Ever had the feeling that you were important, that if the end of the world was going to happen, you would be involved? Rightly or wrongly, probably in childhood...
But no, seriously, I am important. I will have a role to play in averting the coming apocalypse - and the whole world will be watching.
Look at the evidence:
If I plan carefully to catch a bus, from five minutes before it is due, up to an hour later, all buses fail to arrive. But, if I run out to catch a bus without knowing when one is due, cursing myself for my lack of preparation and predicting that I will be waiting for ages, one will arrive.
I wrote a blog entry about how much I love travelling by train, even if the trains stop for no reason in the middle of nowhere. On the way back from Southampton to London, the train was replaced by a bus for most of the route.
But, when I arrived to make my connection in Kings Cross Station to find the timetable boards blank and off, I turned to a sighing stranger and said, with a wry grin, “I expect I’ll be waiting for an hour anyway.” This was the cue for the boards to return to life, informing me that my train was due to leave in three minutes.
Once, on a night out, I walked to the cashpoint machines for a little extra moolah.
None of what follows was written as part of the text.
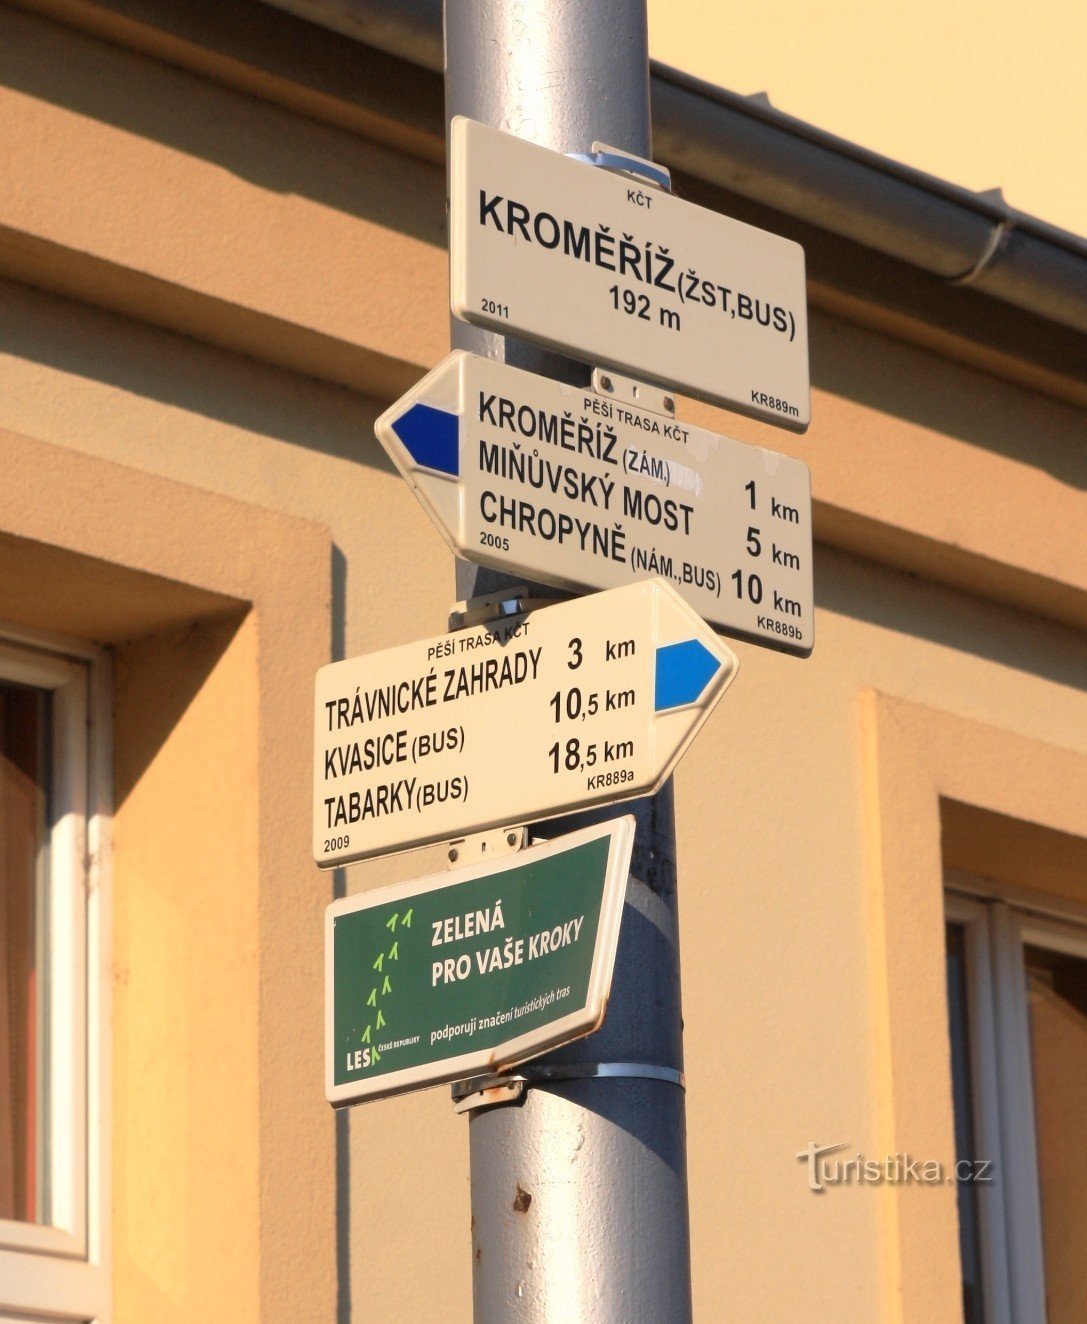 Τουριστικό σταυροδρόμι Kroměříž nádraží

My bank’s cashpoint machines were out of order, so I walked to the next bank. They were out of order as well. ‘Just my luck for them all to be out of order,’ I think, walking to the last local bank anyway. This machine had a queue. It was working. The person in front of me withdrew the last money in the machine just before I smiled at them and said “Finally!” whilst moving towards the slot, card in hand.
All of this is bundled up inside the natural laws of the universe, the one rule of them all that cannot be expressed through any kind of maths. It is almost worshipped. Believers recite the mantra from day to day, under their breath, out loud, shouting, screaming even, that the irrevocable, nay, inevitable order of the universe is unbeatable.
Sod’s Law.
Yet it would appear that in some circumstances I have power. I can invoke Sod’s Law. When something can go wrong, I can make it go wrong, but only as long as it applies to making it all go wrong for me.
Picture the scene, thirty years from now. As one of the first true global celebrities, my punditry on the impending meteoric impact is the internet and television viewing of choice for every one of the twelve billion inhabitants of this future world.
All contact is lost with the NASA ‘Tractor Beam’ team led by Bruce Willis’ grandson, and the earth waits with bated breath to hear what my last words to the planet will be.
“Well, ladies, gentlemen, boys, girls, Artificial Intelligences and other sentient beings, this would look to be the final moments of our planet. A time for farewells. To those of you who will survive the coming onslaught, we give our heartfelt wishes of luck and goodwill, that you will be able to continue the progeny of the human race beyond this most tragic of days.”
Indian kids in Bollywood cinemas retuned for the event begin to cry, the President of the United States of Europe, as well as the recently deposed President of North America, both give me a thumbs up from behind the camera as they embrace their families in tears. In Paris, a little girl tucks her Barbie into bed, and a lone dog runs through the abandoned streets of London.
The cameras show the surface of the meteor as it hurtles towards Earth.
“Nothing can stop it now,” I say. “It is inevitable. Impossible that anything could stop it. I knew this would happen. It was impossible that that NASA Team led by Bruce Willis’ grandson could stop that meteor. I was right. You were all wrong. Ha.”
<*colossal skidding sound, as if the meteor is braking in a Warner Brothers Cartoon*>
A rising note of derisive laughter will shake the planet as I am proved totally and utterly wrong. I will become a desperate Z-List celebrity, longing for gigs like Celebrity Dog Training School or Lunar Survivor. I will end my days in a small hut, watching the sunset on a migratory sandbank ten miles south-west of the Pacific Island of Tuvalu; alone, forgotten, but knowing that my amazing power to make a complete and utter twat of myself has saved the world.